◆ WHAT TO PRODUCE: All lines below must be repeated exactly, with the pictures omitted.

---------- EXERCISE DATA ----------

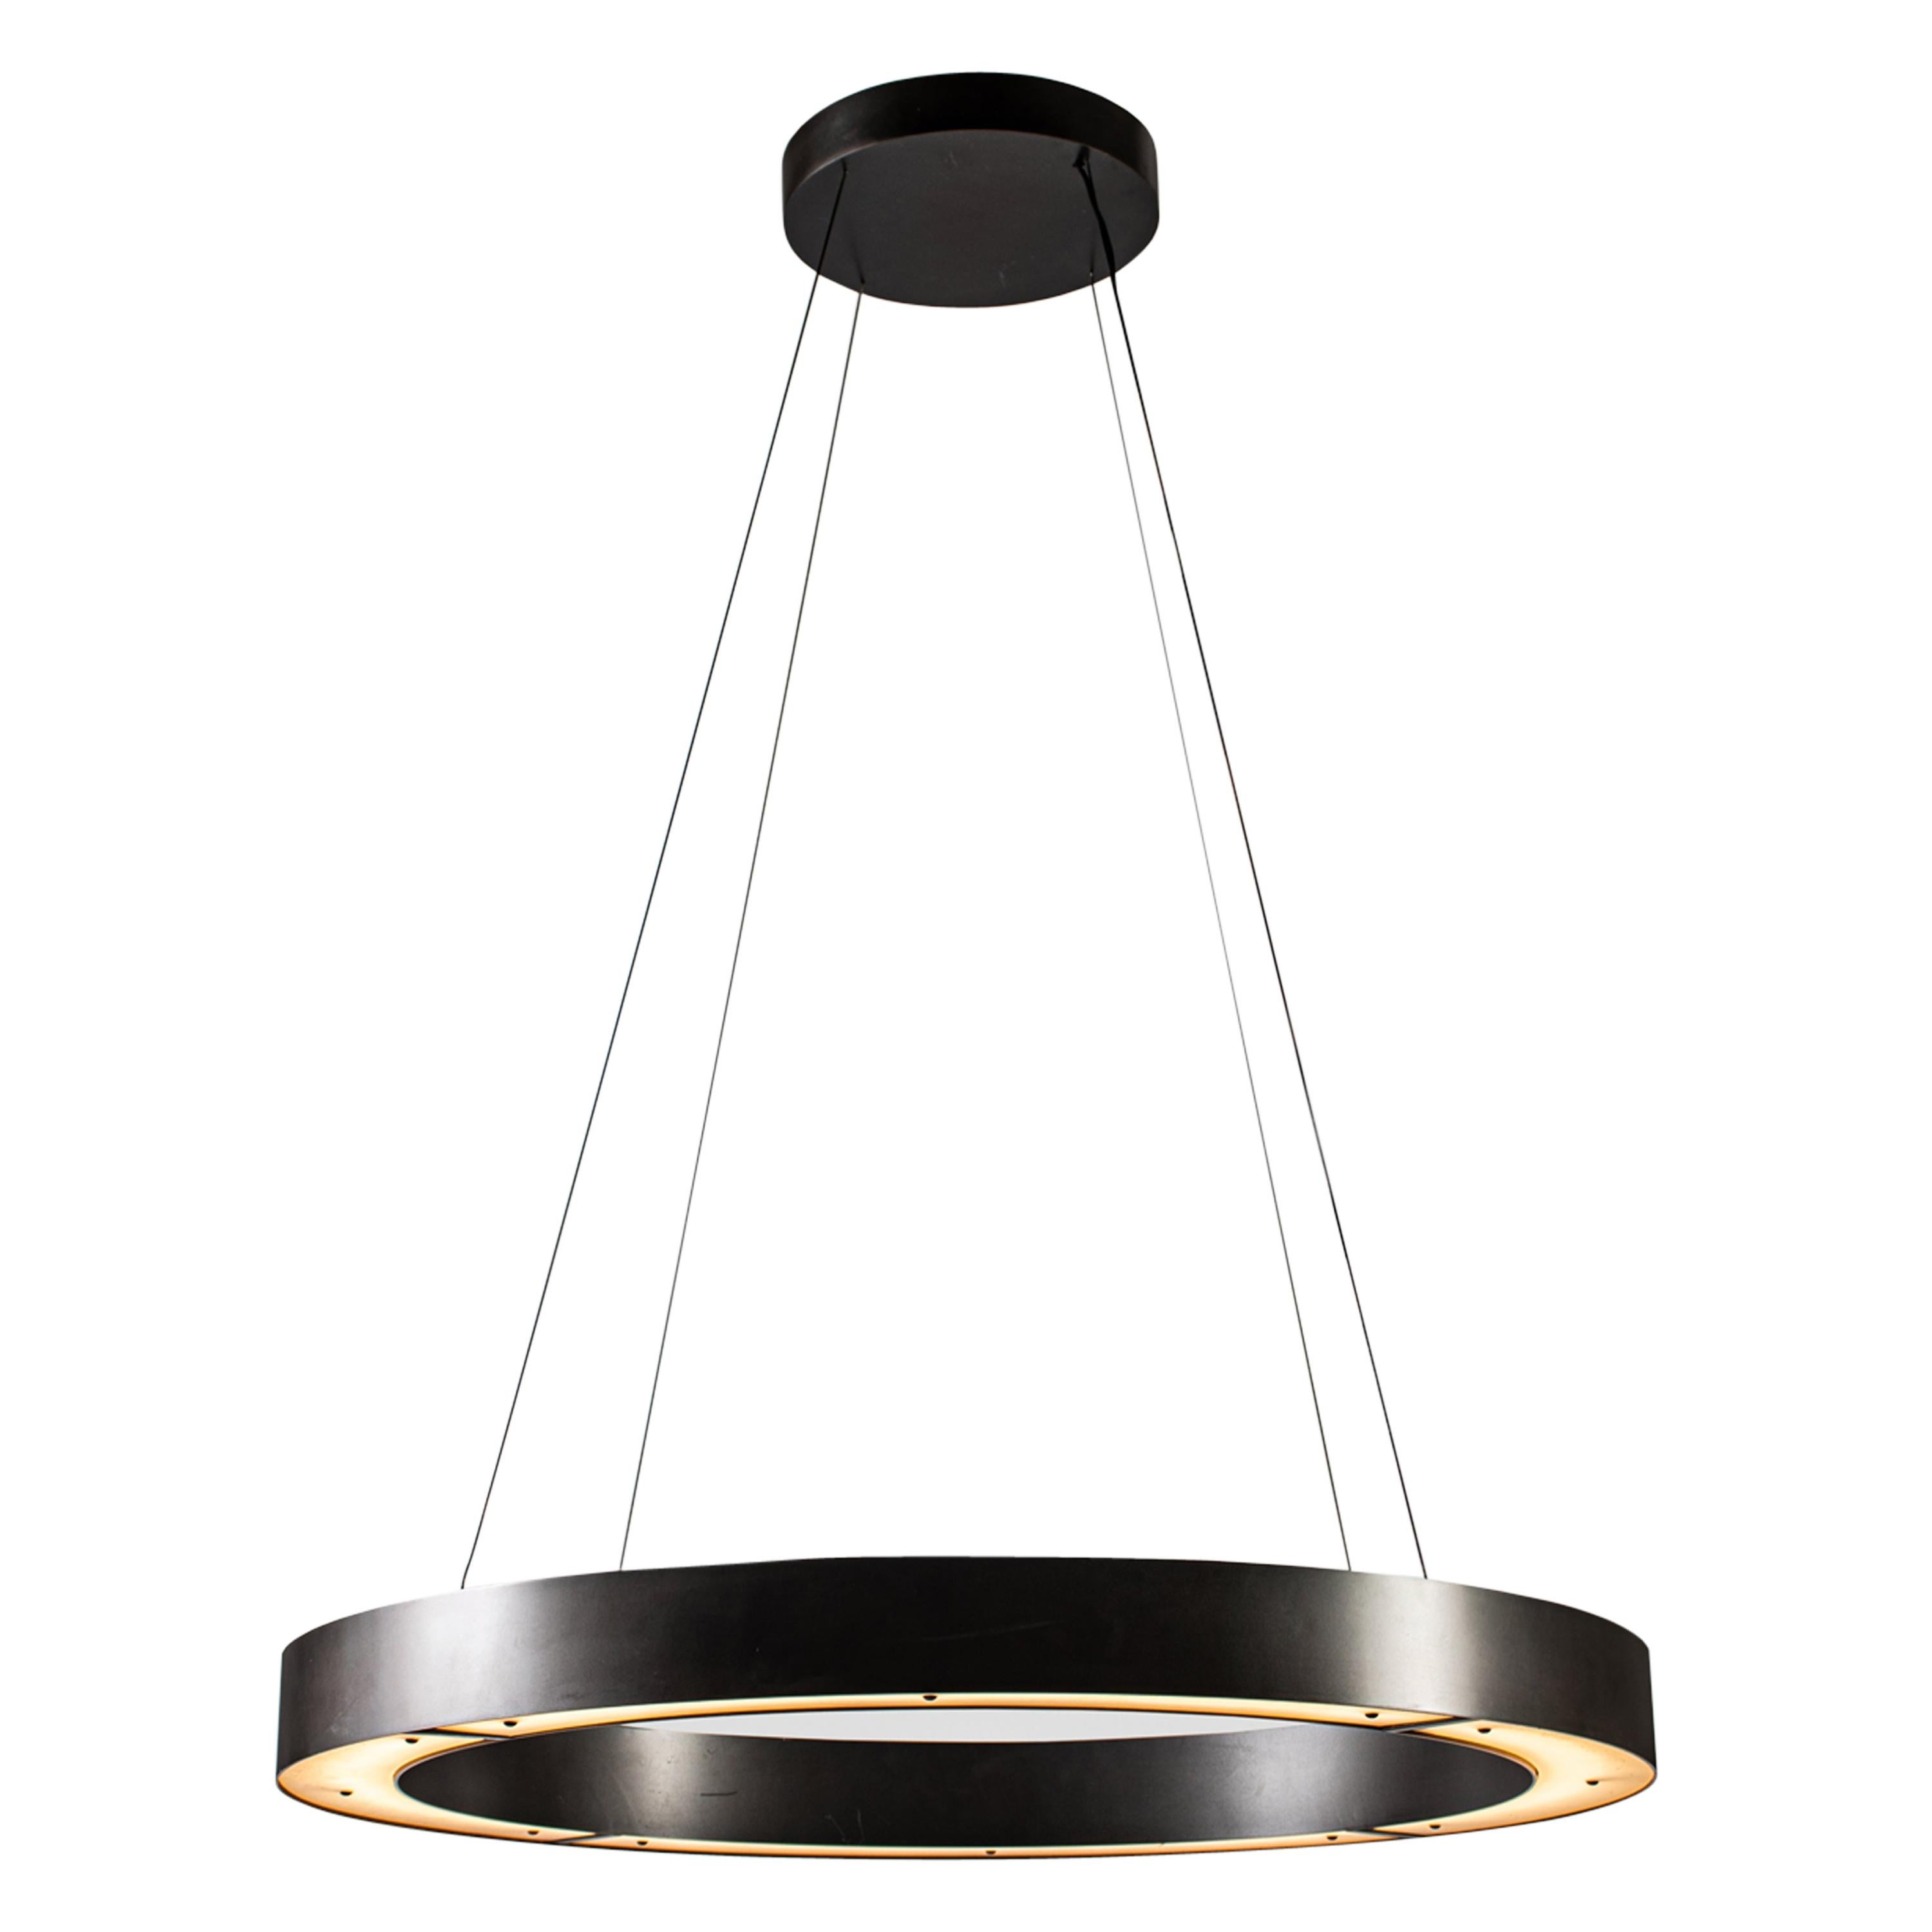 RENG, Hilo II, Forged Steel, Modernist Suspension Ring LED Light
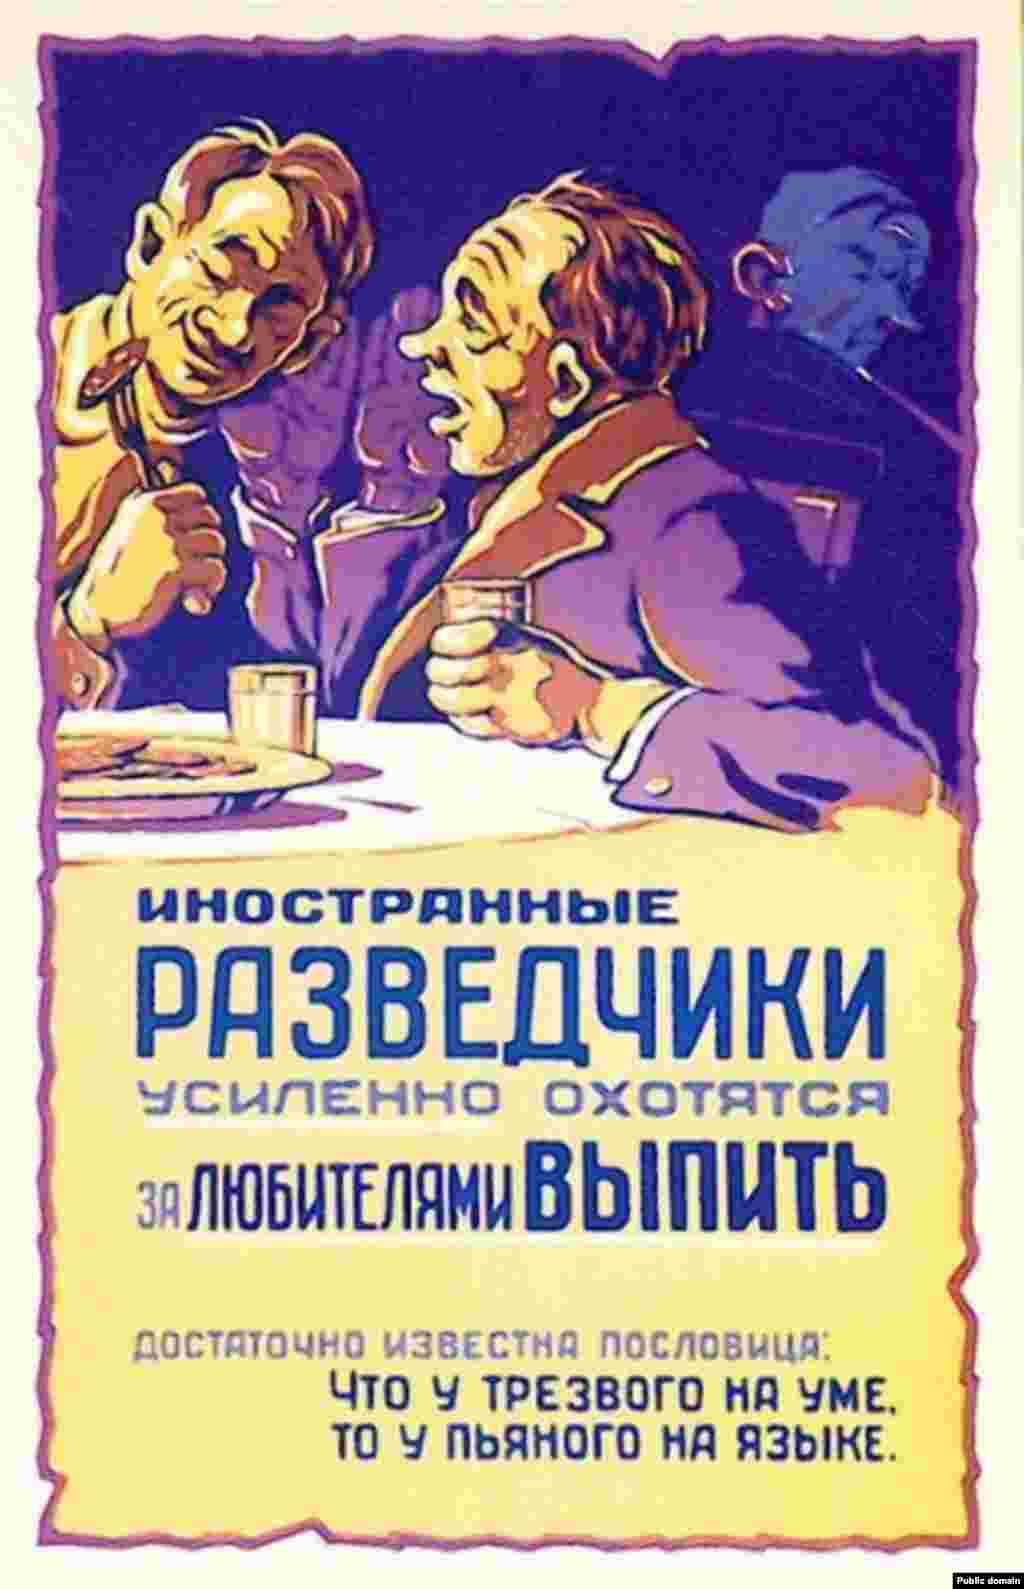 Плакат 1959 року попереджає, що &laquo;іноземні шпигуни полюють на любителів випити&raquo;
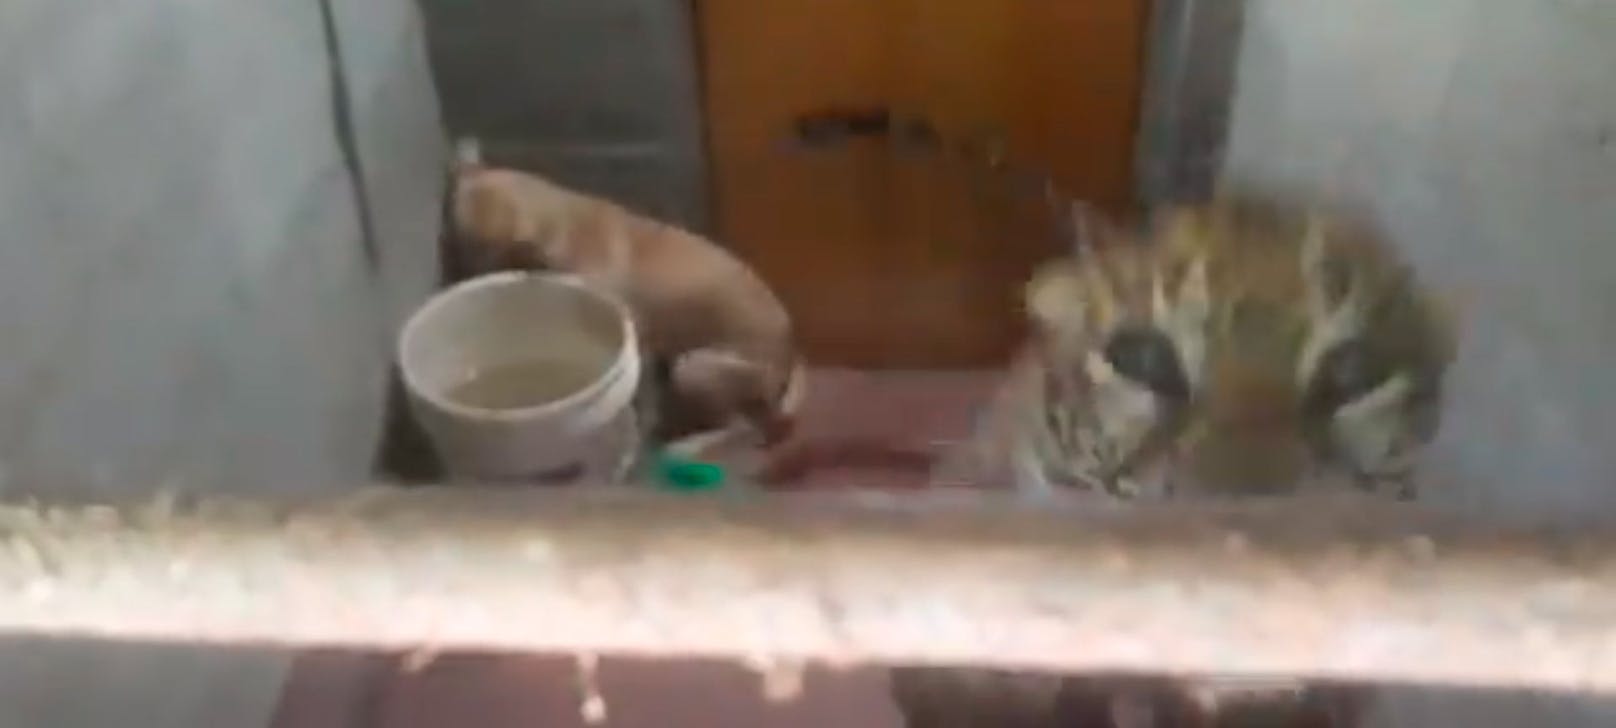 Eine Nacht und einen halben Tag verbrachte Hund "Bollu" mit einem Leoparden auf einer Toilette.
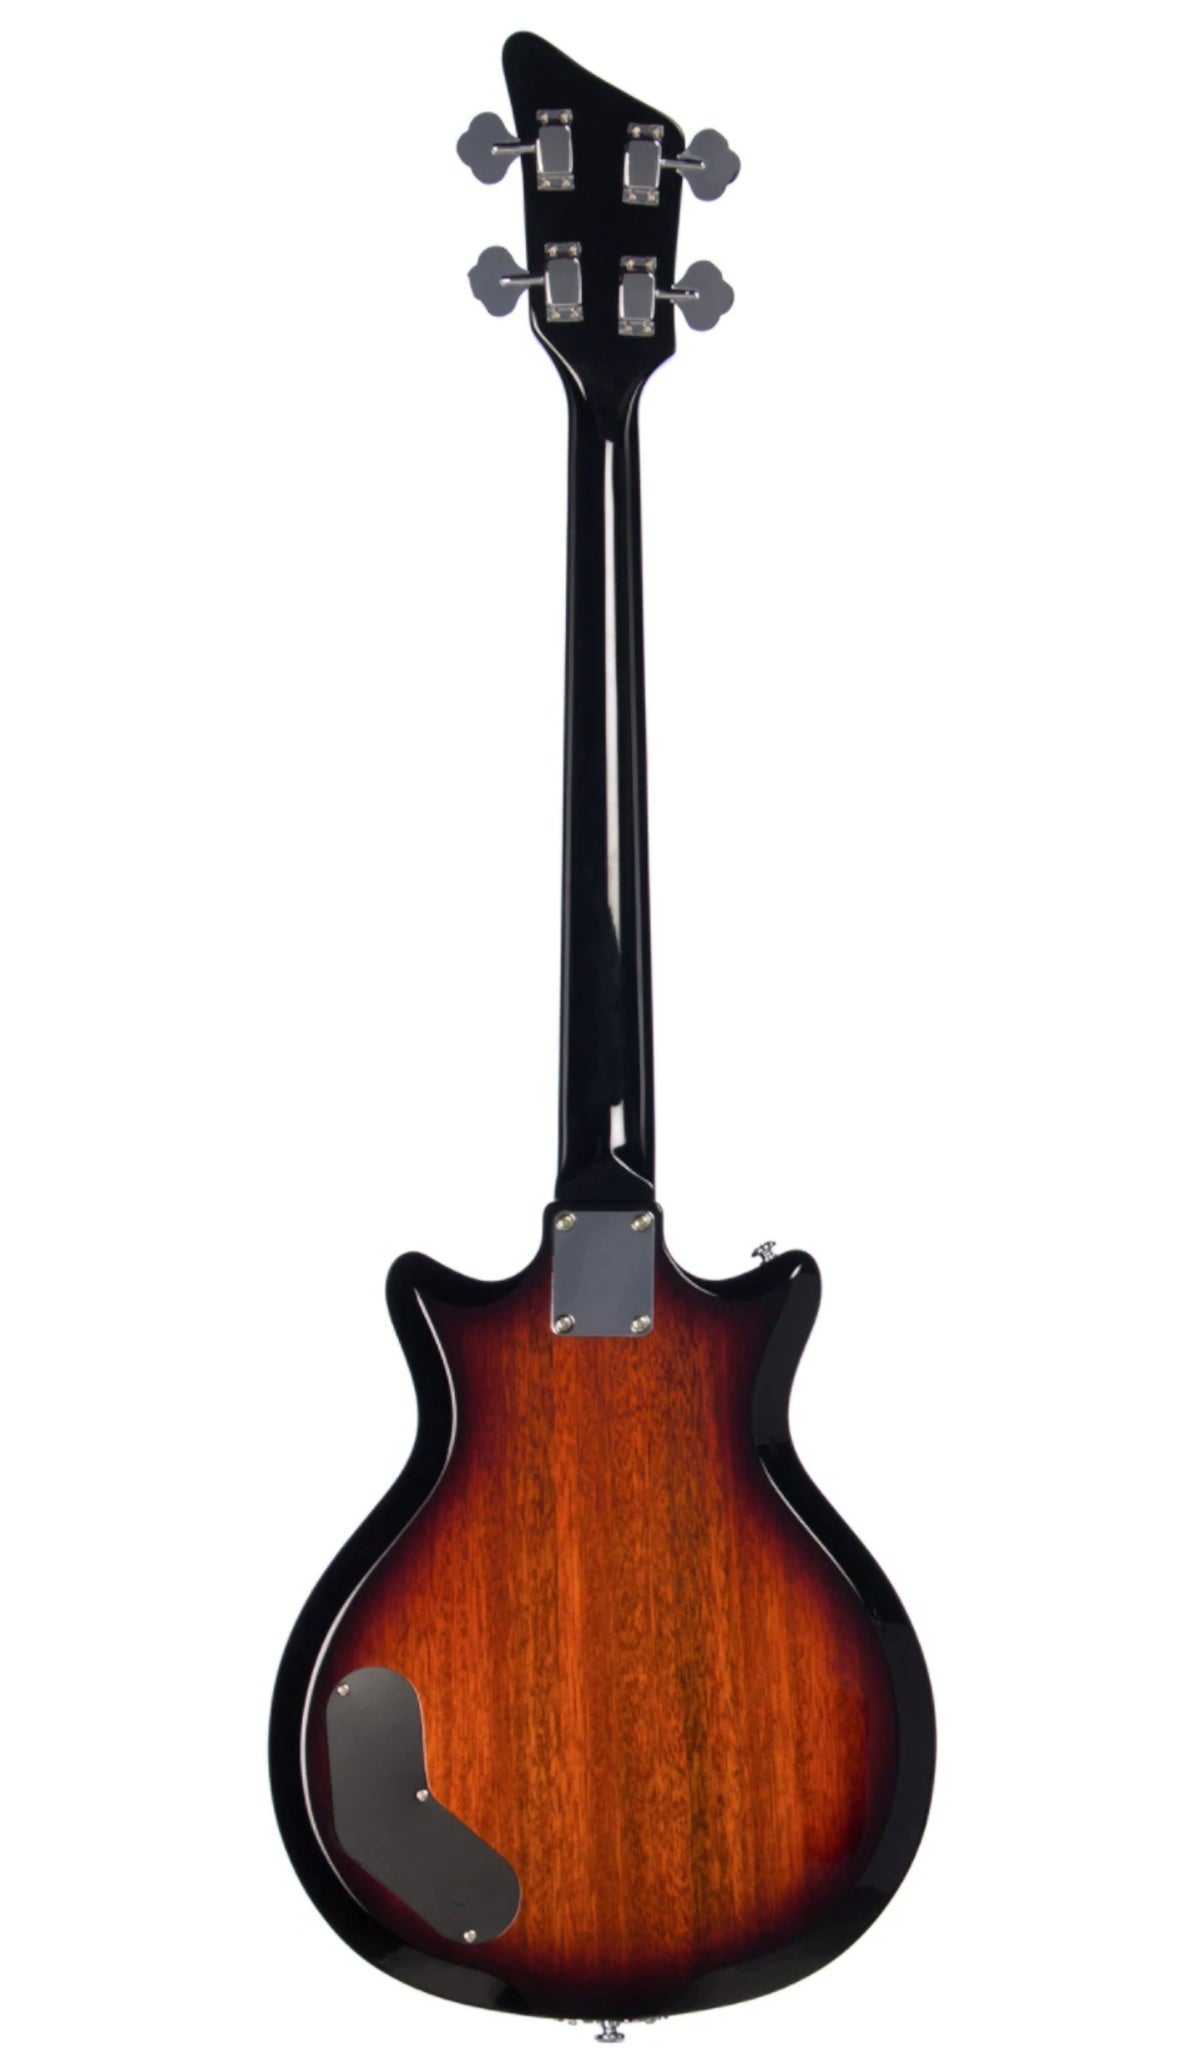 Eastwood Guitars Airline Pocket Bass Sunburst #color_sunburst

----------

◆ EXERCISE RESULT:
 RENG, Hilo II, Forged Steel, Modernist Suspension Ring LED Light
 Плакат 1959 року попереджає, що &laquo;іноземні шпигуни полюють на любителів випити&raquo;
 Eine Nacht und einen halben Tag verbrachte Hund "Bollu" mit einem Leoparden auf einer Toilette.
 Eastwood Guitars Airline Pocket Bass Sunburst #color_sunburst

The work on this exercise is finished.